1. Field of the Invention
This invention relates to ring laser gyroscopes and more particularly to controlling the optical path length in a laser gyro.
2. Description of the Prior Art
In operating a ring laser gyroscope, the optical path length of the laser beam travelling within an optical cavity formed by three or more mirrors must be adjusted to an integral number of wavelengths around the optical path. Temperature and other environmental variations can change the optical path length necessitating path length readjustment at frequent intervals. Usually path length is maintained at a resonant cavity peak where the output power, as evidenced by beam intensity, is held at near peak intensity by a control servo loop. Elements in this control loop include an optical sensor (e.g., photodiode), amplifier, phase detector, integrator and an electro-mechanical driver (a servo) which moves one of the mirrors toward or away from the center of the optical cavity plane along a normal to the mirror surface. To maintain the output beam intensity at near peak intensity, a sinusoidal "dither signal" is often applied to the servo drive, which tends to detune the cavity slightly. The sinusoidal signal is also applied as a reference signal to a phase detector to supply an average error signal back to the servo and bring the cavity tuning back to the peak resonant condition. Most ring gyros currently use this method of maintaining path length control.
As is well known to those skilled in the art, laser gyros typically employ some form of biasing to prevent frequency lockup at low rotation rates of the two optical beams counter-rotating in the cavity. In some laser gyros the biasing is mechanically induced by "dithering" the gyro (i.e., rotation of the gyro structure in the plane of the optical cavity). Other laser gyros employ a mirror having a magnetic coating to provide the bias needed to prevent frequency lockup of the counter-rotating beams at low rotation rates.
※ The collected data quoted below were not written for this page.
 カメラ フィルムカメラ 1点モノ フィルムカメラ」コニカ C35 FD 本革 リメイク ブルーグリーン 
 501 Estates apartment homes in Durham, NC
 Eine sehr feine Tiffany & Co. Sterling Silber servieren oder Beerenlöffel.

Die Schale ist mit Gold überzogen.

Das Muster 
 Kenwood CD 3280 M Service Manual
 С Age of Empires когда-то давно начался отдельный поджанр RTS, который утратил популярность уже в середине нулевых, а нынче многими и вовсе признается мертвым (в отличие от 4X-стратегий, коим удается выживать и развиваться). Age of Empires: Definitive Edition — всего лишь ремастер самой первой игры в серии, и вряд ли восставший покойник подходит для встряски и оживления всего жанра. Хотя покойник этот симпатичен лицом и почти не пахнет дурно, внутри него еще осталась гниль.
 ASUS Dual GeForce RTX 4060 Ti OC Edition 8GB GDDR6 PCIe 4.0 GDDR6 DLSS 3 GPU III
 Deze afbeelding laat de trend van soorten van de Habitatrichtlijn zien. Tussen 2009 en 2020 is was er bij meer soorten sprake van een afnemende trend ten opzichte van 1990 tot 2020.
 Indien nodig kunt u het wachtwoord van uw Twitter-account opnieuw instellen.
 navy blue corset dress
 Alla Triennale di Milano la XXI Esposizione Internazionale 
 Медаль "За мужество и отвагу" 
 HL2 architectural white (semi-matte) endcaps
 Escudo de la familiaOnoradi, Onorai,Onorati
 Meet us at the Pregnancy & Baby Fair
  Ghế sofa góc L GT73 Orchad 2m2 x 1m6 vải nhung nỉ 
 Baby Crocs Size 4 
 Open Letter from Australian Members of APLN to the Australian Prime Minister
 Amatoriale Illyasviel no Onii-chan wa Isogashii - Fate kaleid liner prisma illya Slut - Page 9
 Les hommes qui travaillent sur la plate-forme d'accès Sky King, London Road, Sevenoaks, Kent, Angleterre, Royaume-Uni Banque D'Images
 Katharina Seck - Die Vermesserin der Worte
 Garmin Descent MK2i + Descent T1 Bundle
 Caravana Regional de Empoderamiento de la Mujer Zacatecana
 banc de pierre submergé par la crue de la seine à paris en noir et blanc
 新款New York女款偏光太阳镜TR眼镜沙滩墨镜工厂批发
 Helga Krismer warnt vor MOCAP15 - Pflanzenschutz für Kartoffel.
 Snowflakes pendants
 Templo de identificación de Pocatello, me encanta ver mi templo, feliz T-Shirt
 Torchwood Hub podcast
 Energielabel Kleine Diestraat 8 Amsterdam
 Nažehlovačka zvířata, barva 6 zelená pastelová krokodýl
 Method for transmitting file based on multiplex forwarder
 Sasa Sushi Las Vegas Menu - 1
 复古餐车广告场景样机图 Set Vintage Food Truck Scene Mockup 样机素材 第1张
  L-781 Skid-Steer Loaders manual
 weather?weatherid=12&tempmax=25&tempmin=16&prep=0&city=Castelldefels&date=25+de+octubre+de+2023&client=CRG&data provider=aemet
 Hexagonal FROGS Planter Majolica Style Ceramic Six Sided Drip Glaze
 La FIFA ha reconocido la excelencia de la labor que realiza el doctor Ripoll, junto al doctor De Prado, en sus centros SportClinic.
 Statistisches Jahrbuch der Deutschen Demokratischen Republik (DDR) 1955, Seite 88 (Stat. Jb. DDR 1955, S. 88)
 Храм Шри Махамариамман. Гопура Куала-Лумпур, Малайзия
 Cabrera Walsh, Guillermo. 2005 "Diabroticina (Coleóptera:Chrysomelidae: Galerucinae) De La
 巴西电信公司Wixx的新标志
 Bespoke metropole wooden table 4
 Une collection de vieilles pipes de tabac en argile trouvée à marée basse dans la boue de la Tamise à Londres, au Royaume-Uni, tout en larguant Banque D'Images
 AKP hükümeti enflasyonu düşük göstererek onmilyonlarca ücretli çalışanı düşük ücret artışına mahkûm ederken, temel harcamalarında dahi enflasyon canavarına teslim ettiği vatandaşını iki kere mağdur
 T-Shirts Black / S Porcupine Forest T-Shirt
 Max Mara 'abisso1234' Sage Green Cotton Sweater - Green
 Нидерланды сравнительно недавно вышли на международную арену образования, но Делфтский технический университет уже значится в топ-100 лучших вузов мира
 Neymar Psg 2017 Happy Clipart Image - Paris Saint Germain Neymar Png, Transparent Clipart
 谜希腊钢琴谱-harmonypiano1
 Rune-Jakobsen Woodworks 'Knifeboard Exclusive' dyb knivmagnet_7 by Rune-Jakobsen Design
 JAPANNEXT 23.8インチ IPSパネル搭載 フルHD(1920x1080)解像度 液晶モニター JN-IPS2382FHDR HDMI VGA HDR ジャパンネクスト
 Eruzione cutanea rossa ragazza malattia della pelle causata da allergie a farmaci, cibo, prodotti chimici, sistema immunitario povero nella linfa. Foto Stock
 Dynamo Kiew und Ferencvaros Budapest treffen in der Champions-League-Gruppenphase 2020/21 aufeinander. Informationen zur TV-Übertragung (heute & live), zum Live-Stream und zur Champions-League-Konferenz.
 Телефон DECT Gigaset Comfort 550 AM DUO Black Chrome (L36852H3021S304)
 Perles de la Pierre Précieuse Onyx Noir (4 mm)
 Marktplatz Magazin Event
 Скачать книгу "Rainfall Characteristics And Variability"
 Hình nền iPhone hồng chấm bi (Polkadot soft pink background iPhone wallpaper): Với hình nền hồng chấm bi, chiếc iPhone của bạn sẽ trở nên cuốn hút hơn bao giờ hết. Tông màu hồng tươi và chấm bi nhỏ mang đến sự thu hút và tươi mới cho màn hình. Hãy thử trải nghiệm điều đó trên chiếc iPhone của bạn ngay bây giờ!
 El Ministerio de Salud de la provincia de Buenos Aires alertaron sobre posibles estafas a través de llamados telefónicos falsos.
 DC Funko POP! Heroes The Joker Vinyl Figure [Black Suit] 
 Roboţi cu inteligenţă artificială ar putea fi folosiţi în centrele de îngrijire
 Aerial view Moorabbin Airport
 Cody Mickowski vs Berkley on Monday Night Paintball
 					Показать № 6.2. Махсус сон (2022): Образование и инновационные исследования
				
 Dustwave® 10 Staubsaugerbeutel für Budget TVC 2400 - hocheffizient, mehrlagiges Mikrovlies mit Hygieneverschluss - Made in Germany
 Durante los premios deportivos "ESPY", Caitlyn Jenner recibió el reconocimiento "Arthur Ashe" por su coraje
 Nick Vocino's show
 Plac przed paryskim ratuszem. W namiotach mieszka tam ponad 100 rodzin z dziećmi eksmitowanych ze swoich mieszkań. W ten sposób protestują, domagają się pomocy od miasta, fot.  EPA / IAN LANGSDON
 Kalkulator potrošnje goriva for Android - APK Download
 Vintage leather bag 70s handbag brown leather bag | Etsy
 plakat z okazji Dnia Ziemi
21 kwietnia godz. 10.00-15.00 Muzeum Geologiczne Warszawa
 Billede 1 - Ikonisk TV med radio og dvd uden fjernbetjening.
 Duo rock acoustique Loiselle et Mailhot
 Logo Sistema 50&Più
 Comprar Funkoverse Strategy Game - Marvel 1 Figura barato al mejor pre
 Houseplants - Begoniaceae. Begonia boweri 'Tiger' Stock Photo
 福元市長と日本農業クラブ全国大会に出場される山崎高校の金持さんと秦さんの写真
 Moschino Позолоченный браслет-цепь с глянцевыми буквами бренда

Such "magnetic" mirrors can be switched to either of two stable states. The magnetic mirror provides a slight phase shift in the wavefront of an optical beam upon reflection from the magnetic mirror surface due to the "Kerr magneto-optic effect." For a given magnetic mirror state, this phase shift is different for the optical ight moving in one direction than it is for light moving in the opposite direction along the same optical path, resulting in a difference in frequencies between the two counter-rotating beams even when the gyro is not being rotated about its axis (normal to the laser plane). By using a combining prism, the two counter-rotating beams can be made nearly colinear to produce an output optical signal proportional to the difference in frequency between the two beams (because of the interference between the beam frequencies).
In maintaining the cavity tuning at a resonance peak, however, the magnetic mirror of a magnetically dithered gyro can introduce an additional error source over the more conventional "mechanically dithered ring laser gyro" or "rate biased ring laser gyro" when the optical path length is controlled by utilizing a dither signal to slightly detune the cavity as discussed above. As will be described more fully hereinbelow, dithering the path length control mirror position in a "magnetically dithered" gyro can introduce output rate errors, because the apparent output rate is altered by the dither signal.